You know those clusters of friends generally hulking about aroudn corners or near staircases (why the straircases? Not like there is a lot of room there already!) – anything between three to fifteen of them – out of whom most speak one language and a minority does not? Lets just take hindi as that language for now, though I've seen doesn't happen so often with northies(North Indians) as it does with mallus(Malayalis), bongs(bengalis), and tams(Tamiliams). Why do they insist on speaking hindi, when English is available? I realise some things are best said in your mother tongue, but when there is a conversation in a group, it is most unfair to exclude the minority – and when an alternative is open, and ready for the taking! Do they not realise how uncomfortable and irrtated the few get?
Must admit, I'm guilty of this too… but I've actually seen a pair in a group of three do this – brings a whole new meaning to "two is company, three is a crowd" almost like tacking on a "… so go away". There are people who ALWAYS use thier mother tongue, at the slightest oppertunity, blithly ignoring the need to translate for those who don't understand. This total lack of consideration on their part – and I've been a party somtimes – is very irksome. It's a whole different ball game when it's just two people talking – then, yes use timbactooian if you wish…
Consider the case in the lab today. We went to the teacher to demonstrate our project, and that man, on learning I was Tamilian, switched to that language. (On the positive side, we were spared the torture of his broken english) It would not have been a problem if I weren't the only one who understood the language.

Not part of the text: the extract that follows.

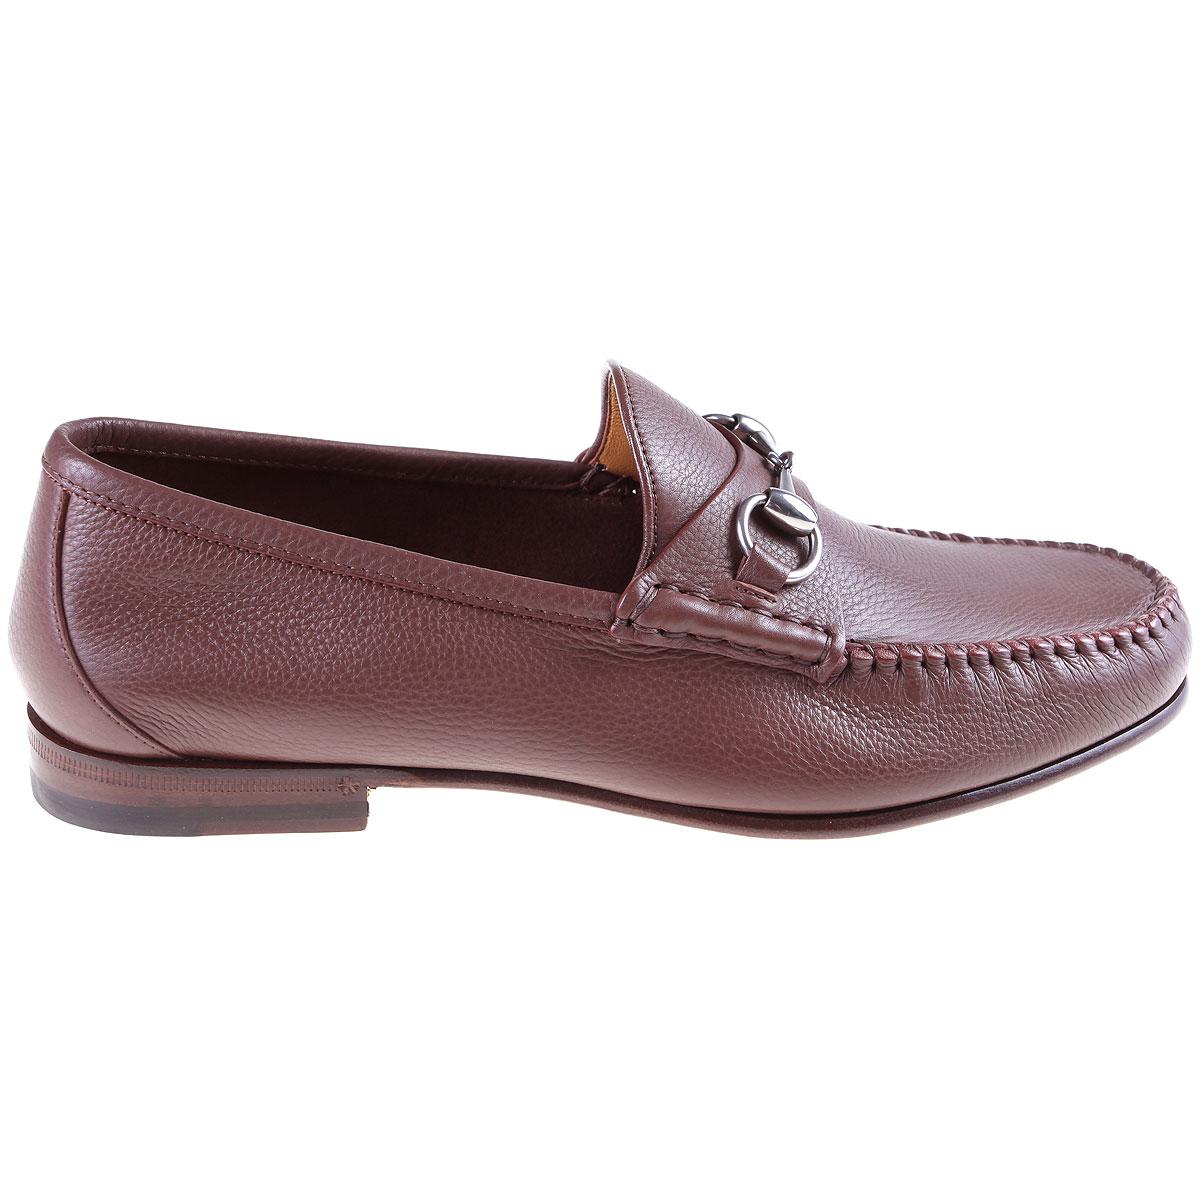 Gucci Loafers For Men On Sale In Outlet in Brown for Men - Lyst

ALL the suggestions, ideas and corrections were made in a stream of strongly accented palghatian dialect. Understandably, my teammates were pissed.
I'm multilingual. I call myself the jack of all languages… and master of none. Obviously, my English is reasonably fluent, and my hindi comes a distant second. Hindi mein kuch na kuch bol to detein hoon. (I manage to say something or the other in Hindi) Those are the only two I can read and write. Of course, I can write Sanskrit too (comes with the script) but what little I learnt back in school seeped out of my head – sideways. ..
But I do speak Tamil. But (here's the catch) it is Iyengar Tamil – that most of my fellow state-mates deem alien language and pull my leg for. Therefore I dont' speak it often enough – I'm constantly told that I can't even talk like a Bram properly. Not my fault Iyengars are a minority. It took me some time after I landed up in Tamil Nadu before I realised that 'You speak Bram tamil!' was NOT a compliment. But I've always been dense that way.
I can also manage Telgu and Malyalam, and understand Punjabi (duh! anyone who know hindi…) … And at the end of the day, (btw) struggle for words to clearly, concisely express what I'm thinking. So it's very rarely that I get excluded from the rgoup we were talking about earlier (ah! you thought I was rambling aimlessly, just blowign my own trumpet) … but anyone who has seen the lost looks or blank faces or staring-off-into-the-distance-with-a-grim-set-to-the-mouth has got to agree with me.
One just has to use the language that maximum number of people use – the object of it, after all, is to communicate.